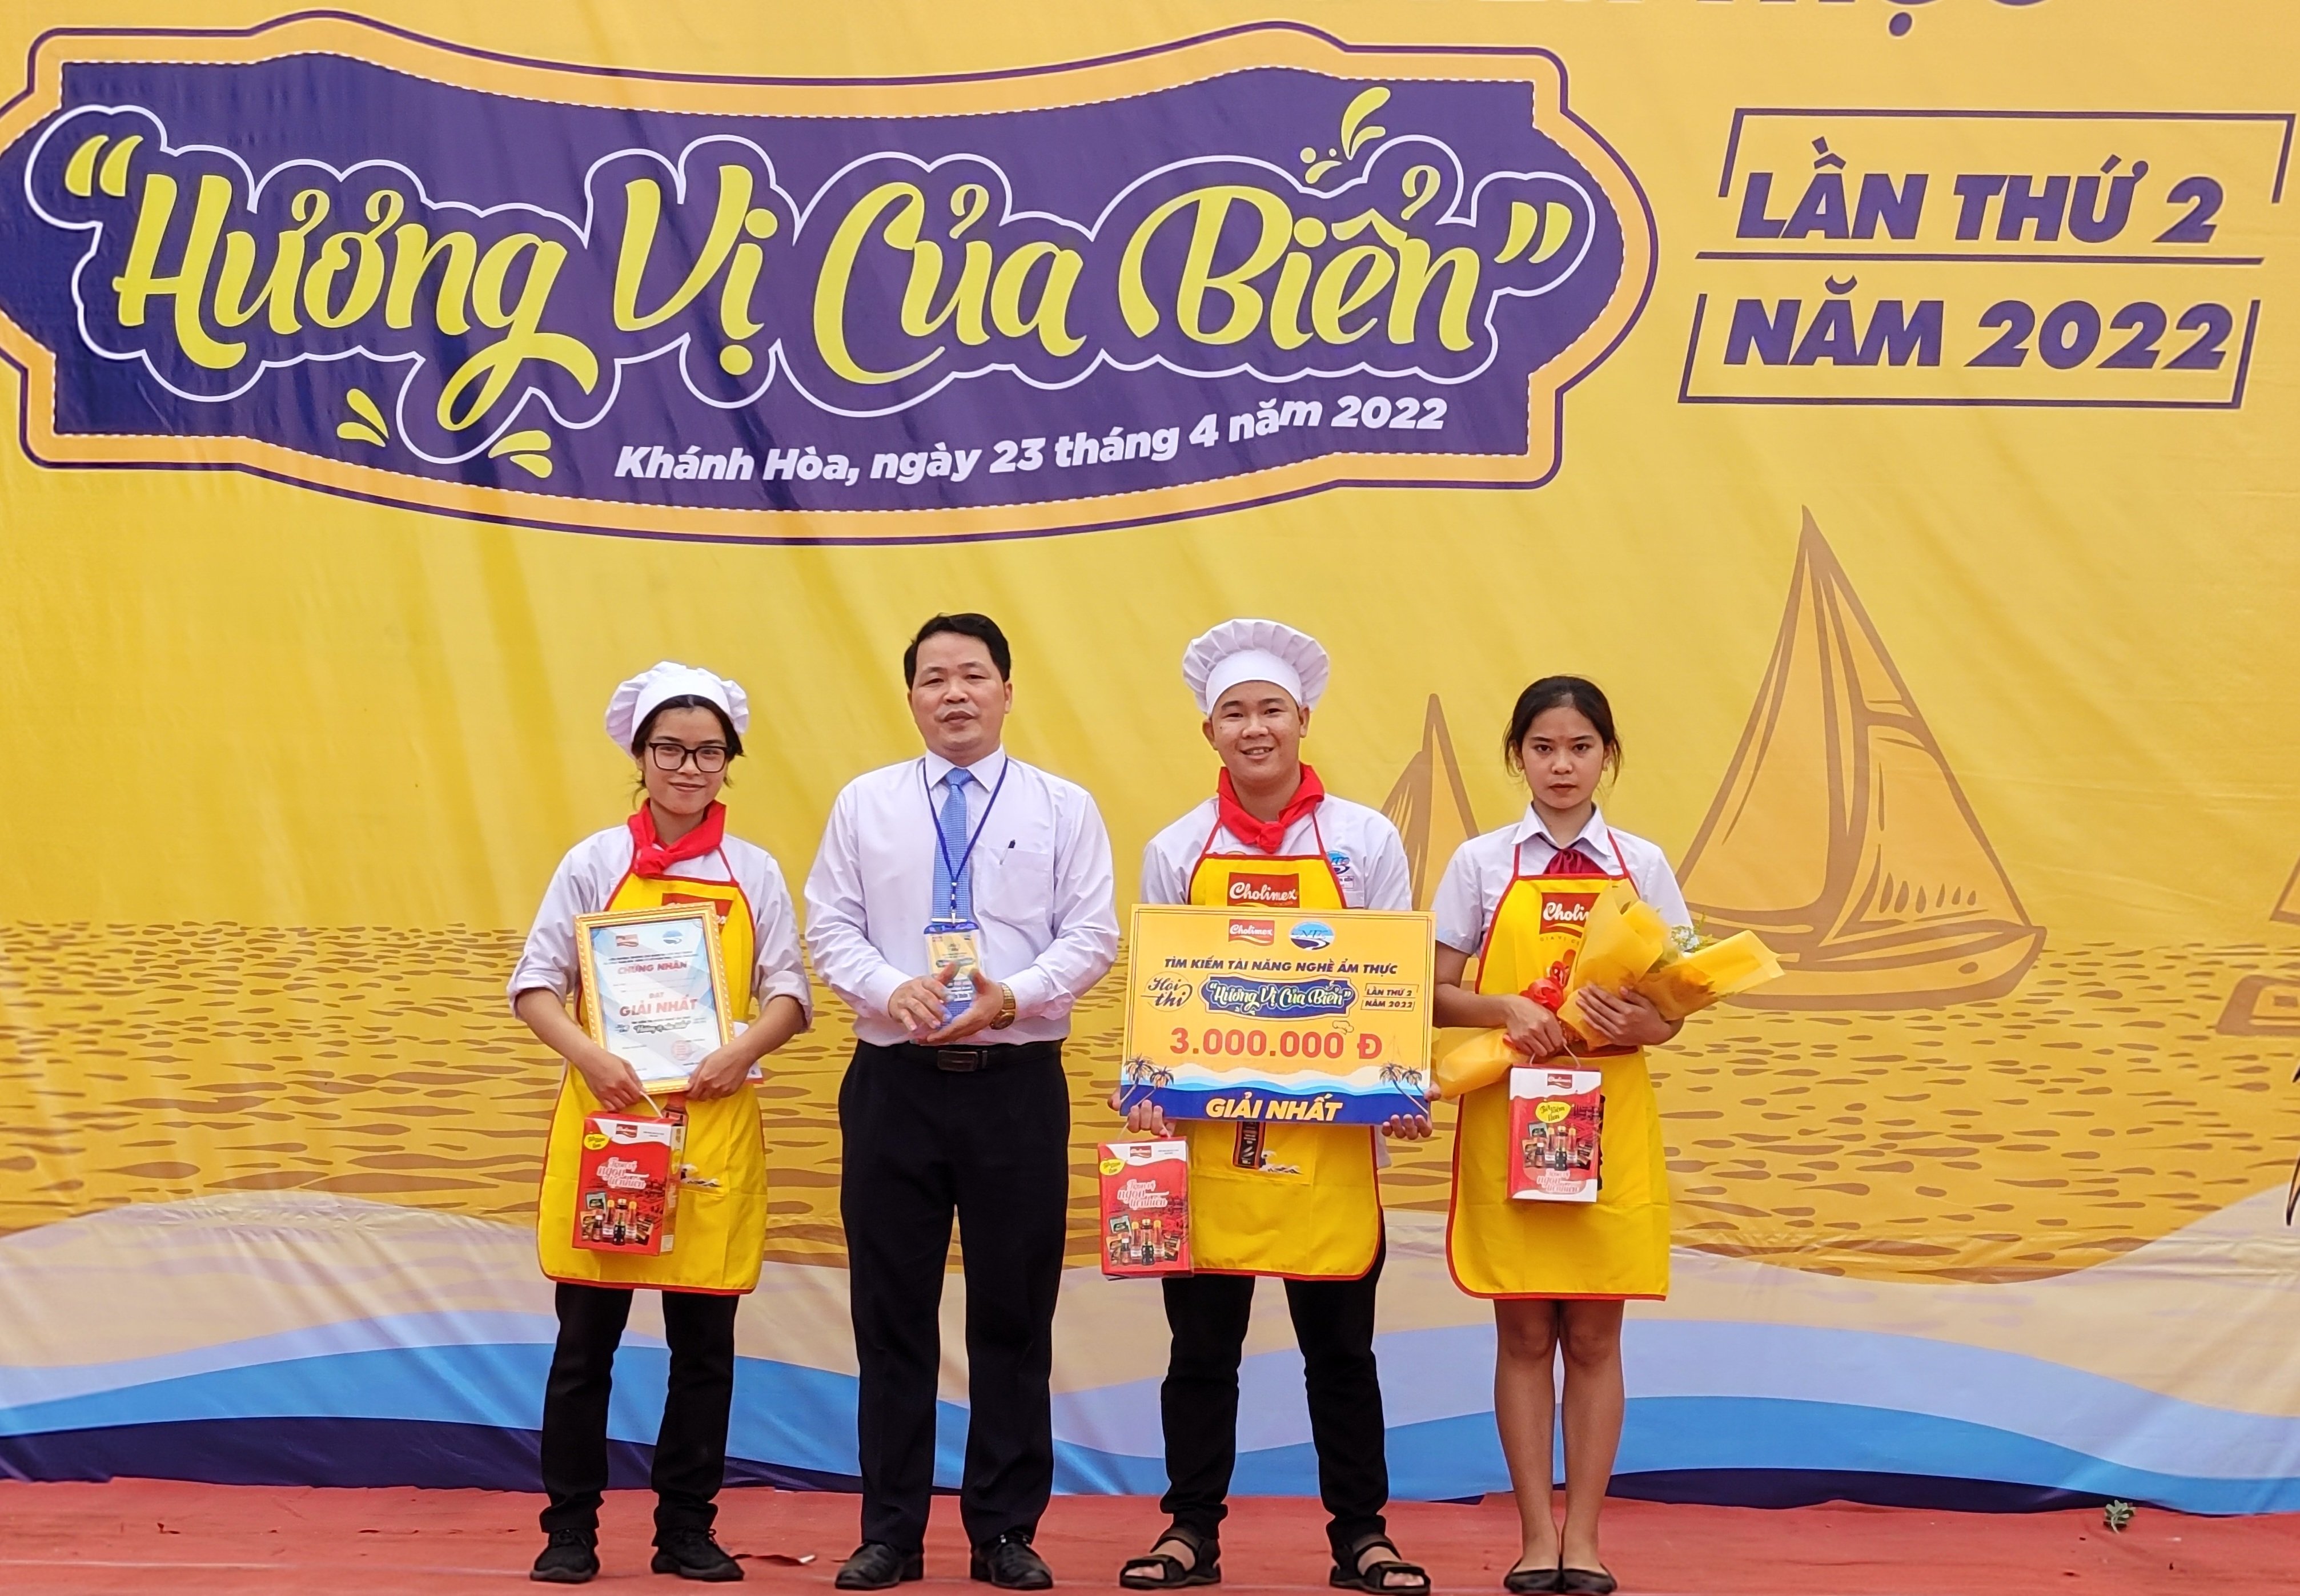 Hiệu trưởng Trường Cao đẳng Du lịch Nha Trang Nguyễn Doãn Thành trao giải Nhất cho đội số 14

* * *

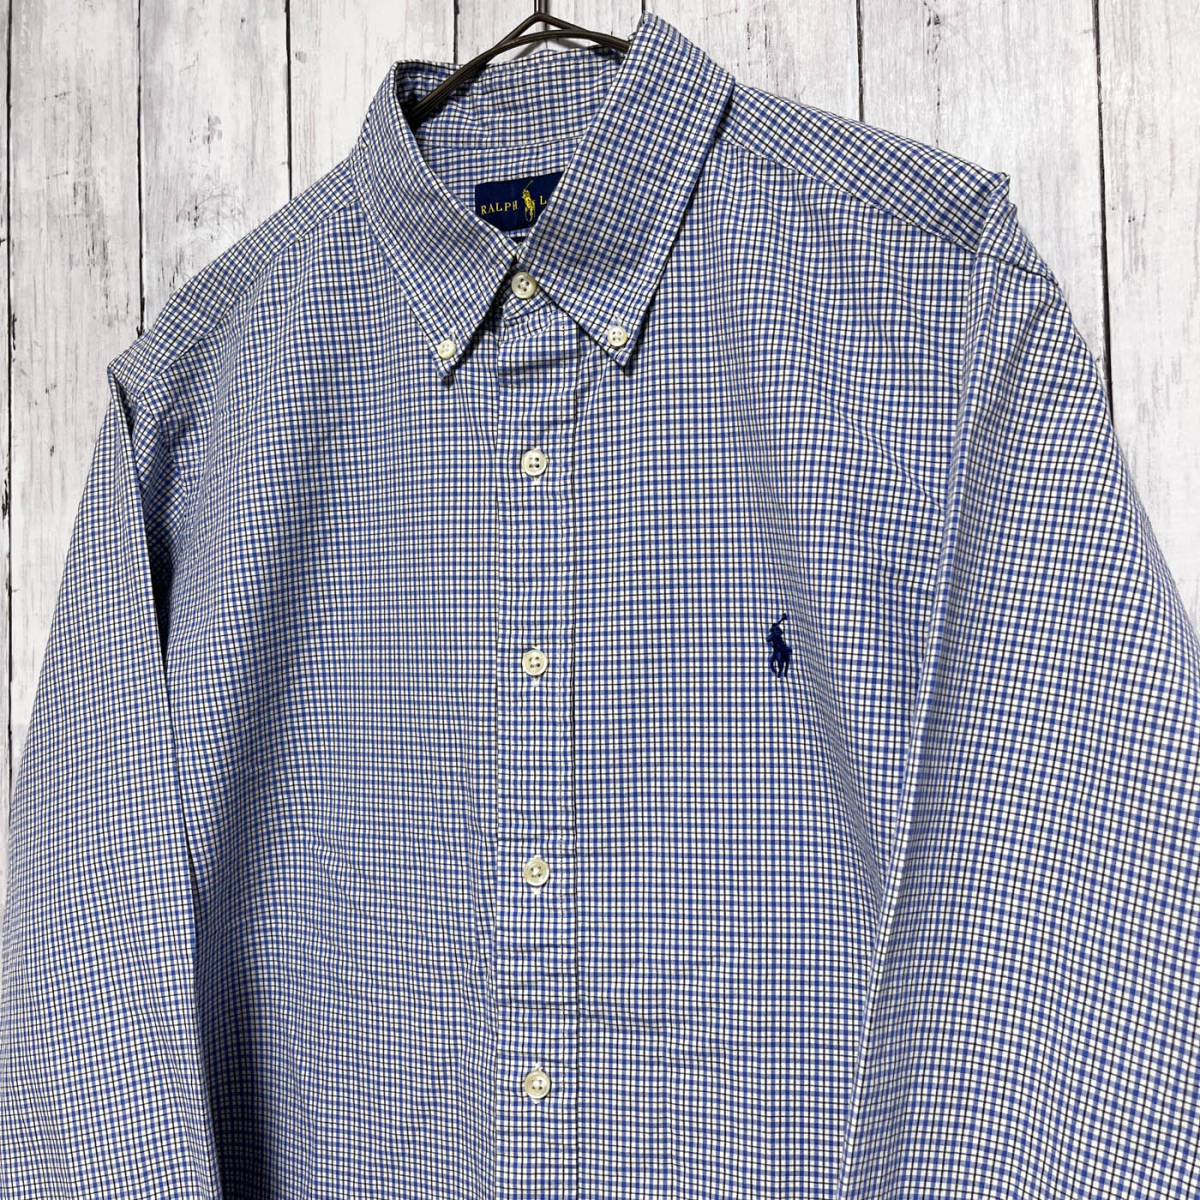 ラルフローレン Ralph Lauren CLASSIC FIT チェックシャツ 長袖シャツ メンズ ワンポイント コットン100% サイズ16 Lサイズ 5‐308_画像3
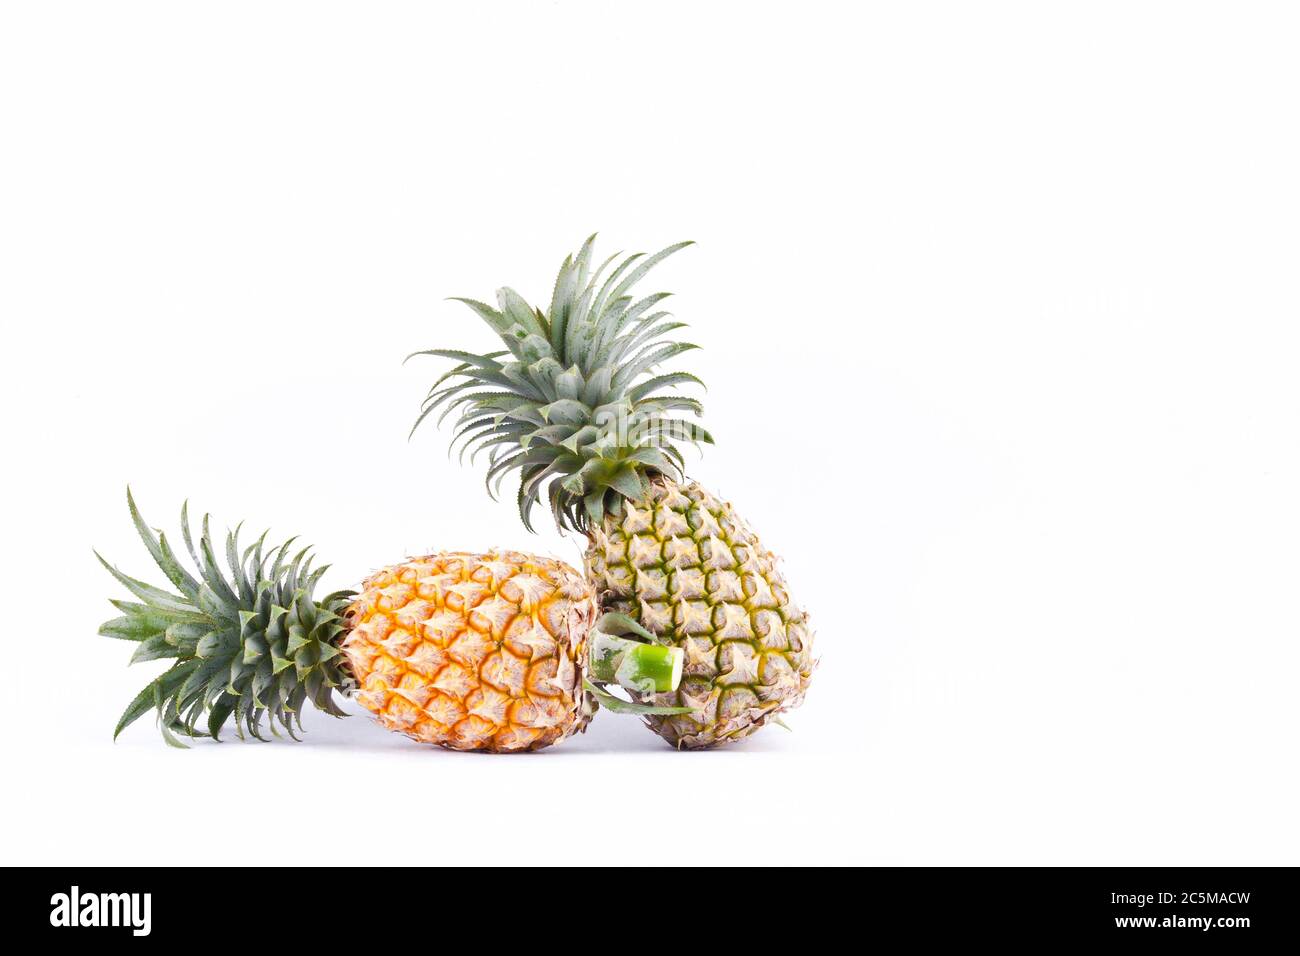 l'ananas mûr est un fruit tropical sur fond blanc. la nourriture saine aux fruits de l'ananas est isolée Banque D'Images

**What needs to be done**
Copy everything above from the line holding "ラルフローレン Ralph Lauren" down to the line holding "l'ananas mûr est", both ends included, exactly as it stands and without the pictures.

**Written solution**
 ラルフローレン Ralph Lauren CLASSIC FIT チェックシャツ 長袖シャツ メンズ ワンポイント コットン100% サイズ16 Lサイズ 5‐308_画像3
 l'ananas mûr est un fruit tropical sur fond blanc. la nourriture saine aux fruits de l'ananas est isolée Banque D'Images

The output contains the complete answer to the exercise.